Оценка RPM для RCF в методах из старых статей

Я не уверен, что они использовали в 1958 году (возможно, Sorvall). Однако вы можете просмотреть недавние статьи по выделению белка ECM (если это было вашей целью).

Взгляните на эту статью.

Из материалов и методов:

Выделение белка ECM .

Фибробласты или клетки А431 удаляли с поверхности культурального планшета 2 мМ ЭДТА в PBS в течение 3–5 мин при 37⁰C. Отслоившиеся клетки отбрасывали, а оставшиеся белки ВКМ, прикрепленные к поверхности культуральных планшетов, промывали тем же раствором. Удаление клеток контролировали под микроскопом. После полного удаления клеток белки матрикса покрывали 5% уксусной кислотой и инкубировали при 4⁰C в течение ночи. Затем уксусную кислоту удаляли и заменяли буфером, содержащим 125 мМ Tris-HCl, pH 6,8, 0,1% SDS, 10% глицерина, 1% ДДТ, 0,05 мМ PMSF, смесь ингибиторов протеаз (Roche, Германия), и инкубировали при 37⁰C. на 1 ч. Белки удаляли скребком. Процедуру повторяли трижды. Все белковые экстракты, включая уксусную кислоту, объединяли и белки ЕСМ осаждали пятью объемами ацетона.

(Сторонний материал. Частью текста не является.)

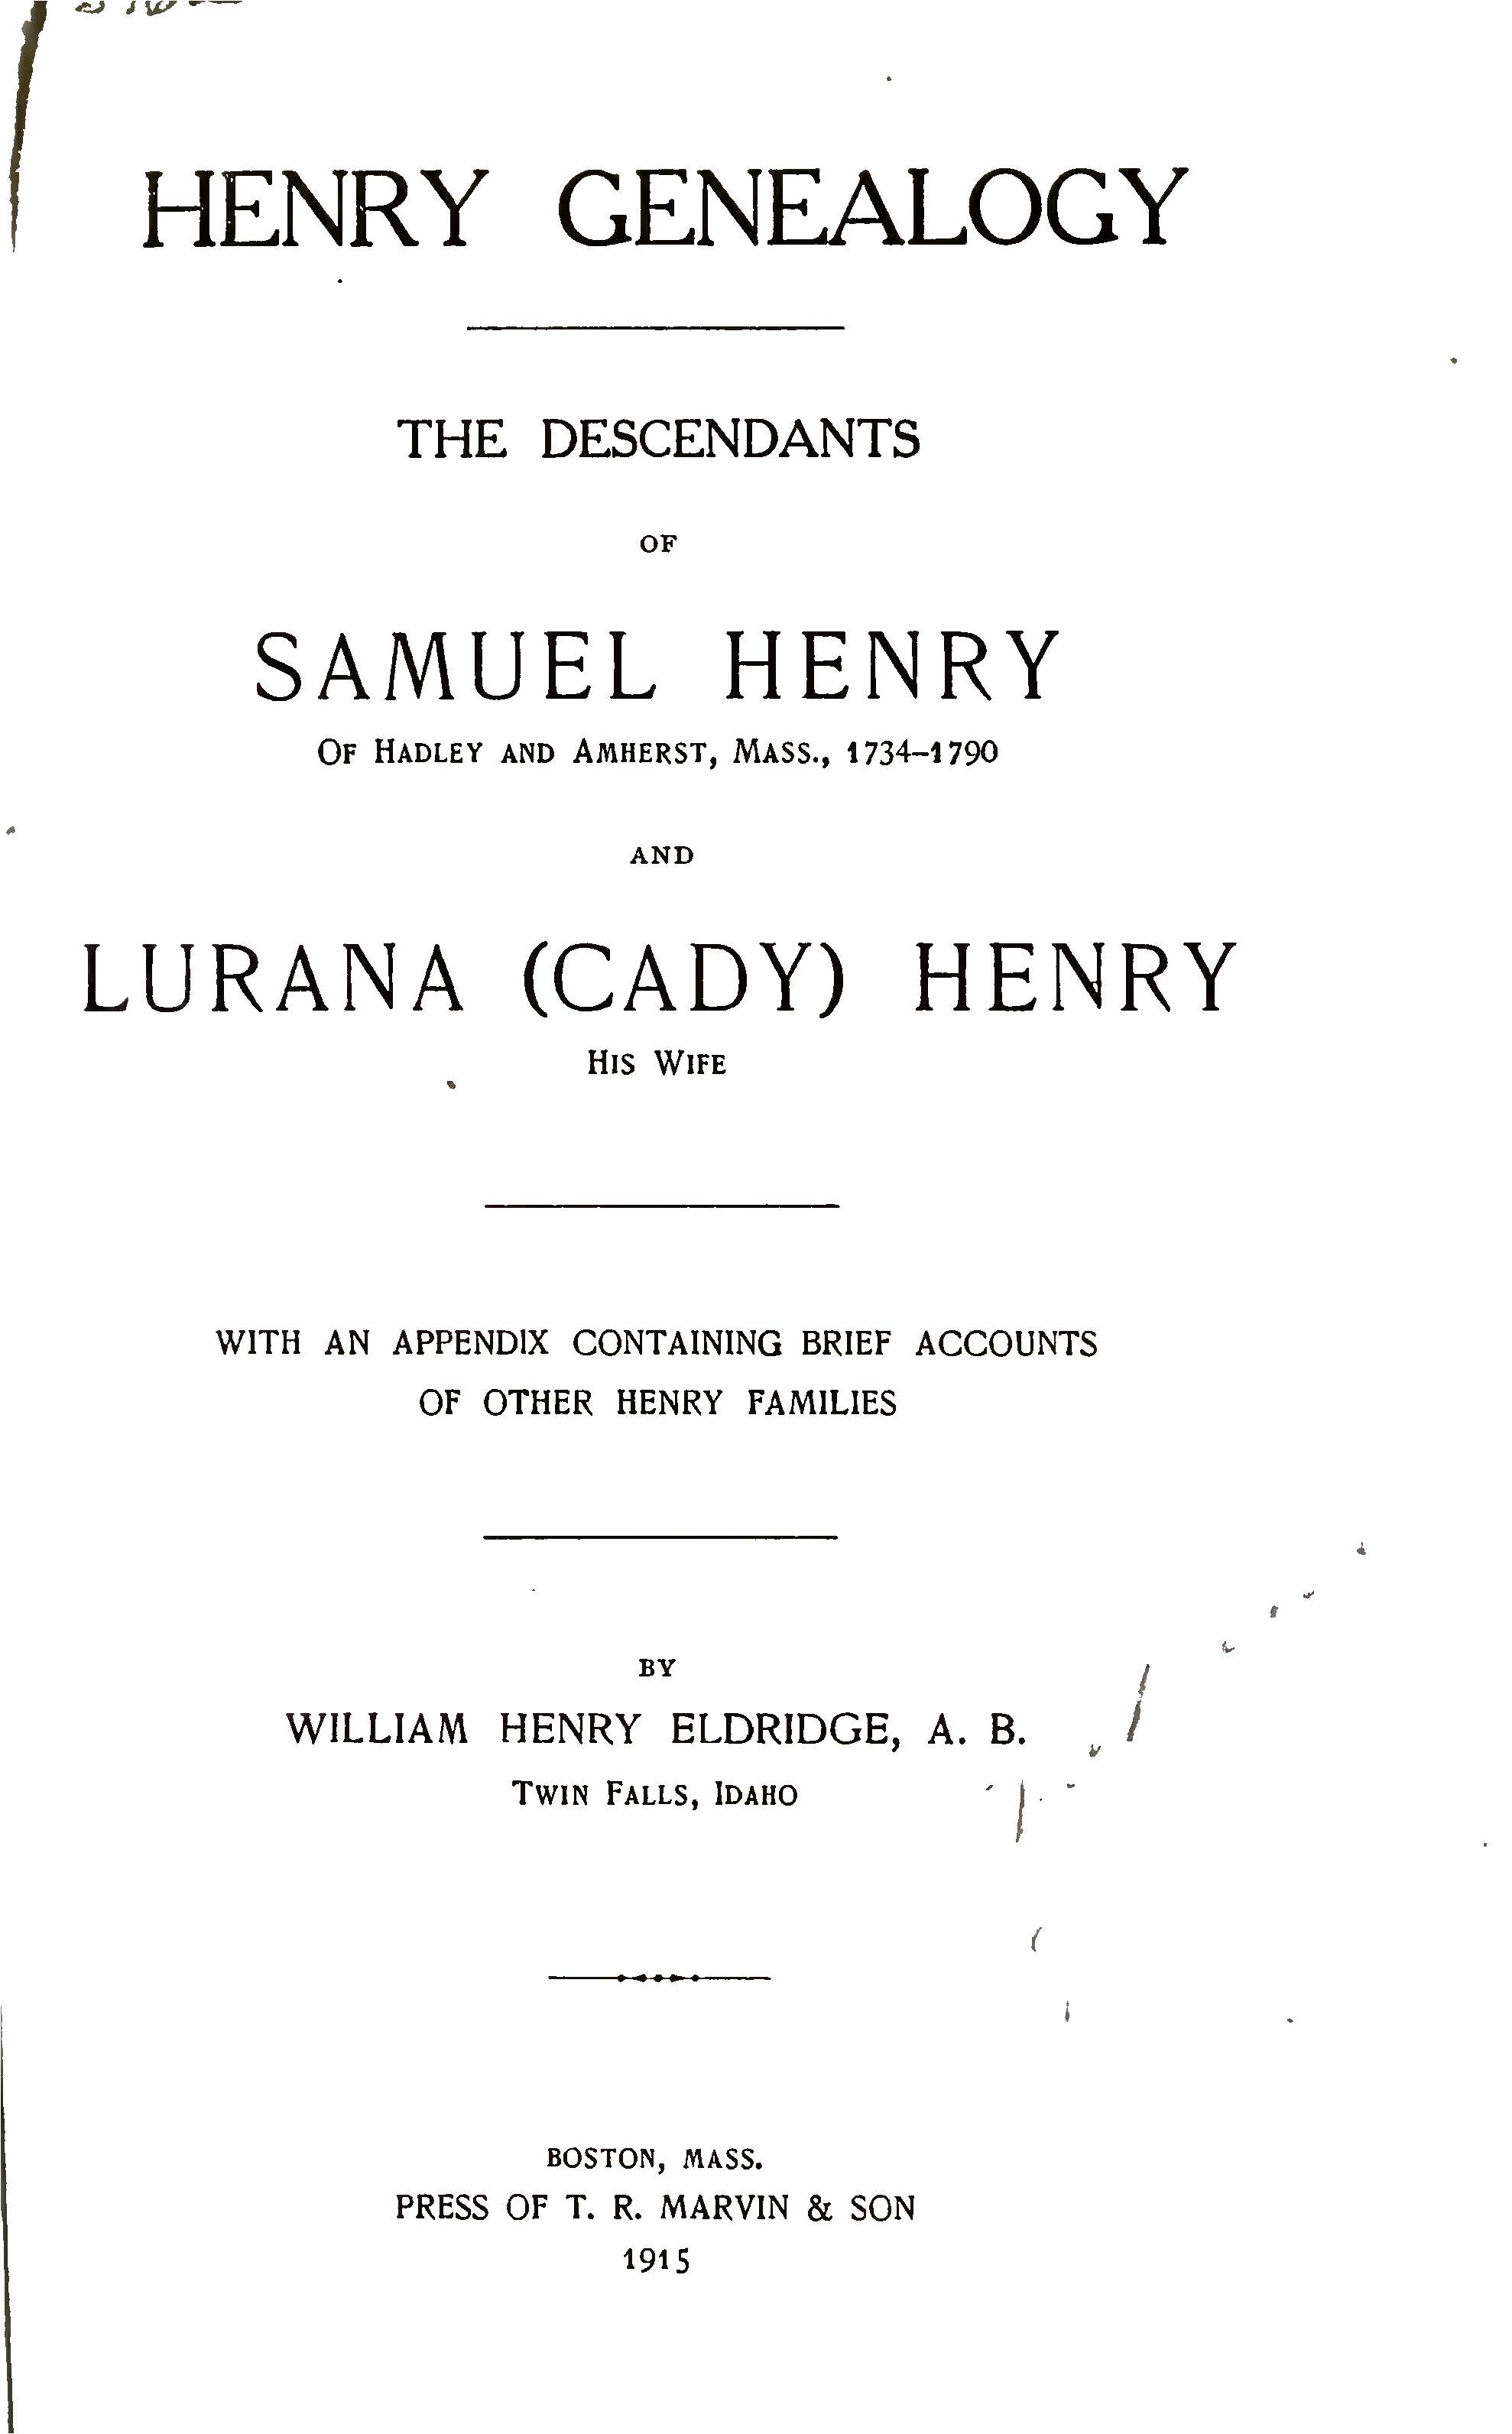 Henry Genealogy The descendants of Samuel Henry of Hadley and Amherst Massachusetts 1734-1790

Кроме того, мы получили растворимую в Тритоне Х-100 фракцию белков ВКМ. Клетки удаляли, как описано выше; чашки заполняли 1% Triton X-100 и инкубировали при 37⁰C в течение 30 мин. Экстракцию повторяли трижды. Следующая процедура экстракции ЕСМ была такой же, как описано выше. Образцы, полученные из обеих фракций, растворяли в буфере для одномерного (Лэммли) или двумерного (регидратационный буфер, содержащий 8 М мочевины, 2% CHAPS, 20 мМ ДДТ, 0,1% Тритон Х-100) электрофореза. Белки, оставшиеся после экстракции Triton X-100, растворяли в буфере для образцов Лэммли.